AVX-512 instructions are documented in Intel Architecture Instruction Set
Extensions Programming Reference (February 2016).
AVX-512 instructions are identified by a EVEX prefix which, for the purpose
of instruction decoding, can be treated as though it were a 4-byte VEX
prefix.
Existing instructions which can now accept an EVEX prefix need not be
further annotated in the op code map (x86-opcode-map.txt). In the case of
new instructions, the op code map is updated accordingly.
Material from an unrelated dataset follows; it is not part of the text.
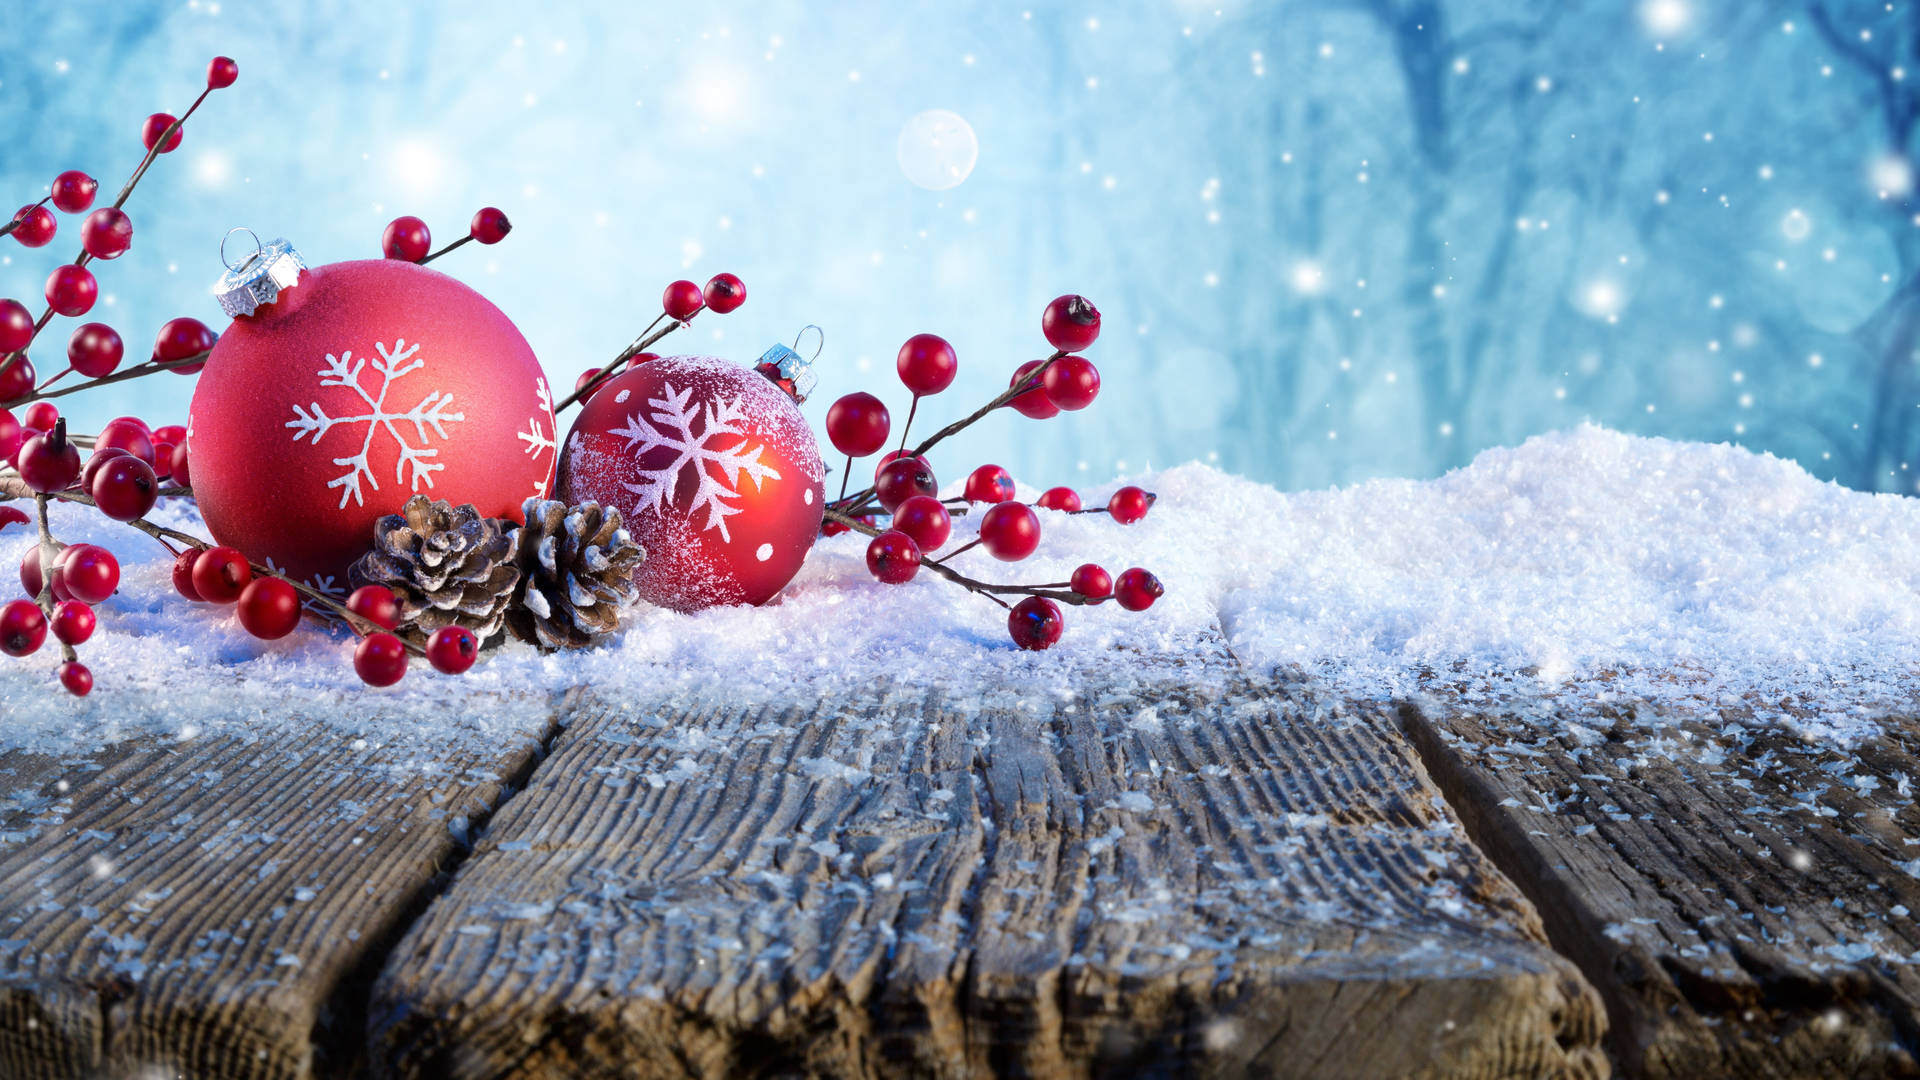 Hãy thưởng thức hình nền Giáng sinh 5K tuyệt đẹp để khiến cho màn hình của bạn thêm sáng đẹp và long lanh trong không khí đón chào lễ hội. Những hình ảnh sắc nét và sống động sẽ đưa bạn đến một thế giới Giáng sinh đầy ấm áp, tình cảm và hạnh phúc.

Also add associated Mask Instructions that are used to manipulate mask
registers used in AVX-512 instructions.
A representative set of instructions is added to the perf tools new
instructions test in a subsequent patch.
Signed-off-by: Adrian Hunter <[email protected]>
Acked-by: Ingo Molnar <[email protected]>
Acked-by: Masami Hiramatsu <[email protected]>
Cc: Andy Lutomirski <[email protected]>
Cc: Dan Williams <[email protected]>
Cc: H. Peter Anvin <[email protected]>
Cc: Jiri Olsa <[email protected]>
Cc: Thomas Gleixner <[email protected]>
Cc: X86 ML <[email protected]>
Link: http://lkml.kernel.org/r/[email protected]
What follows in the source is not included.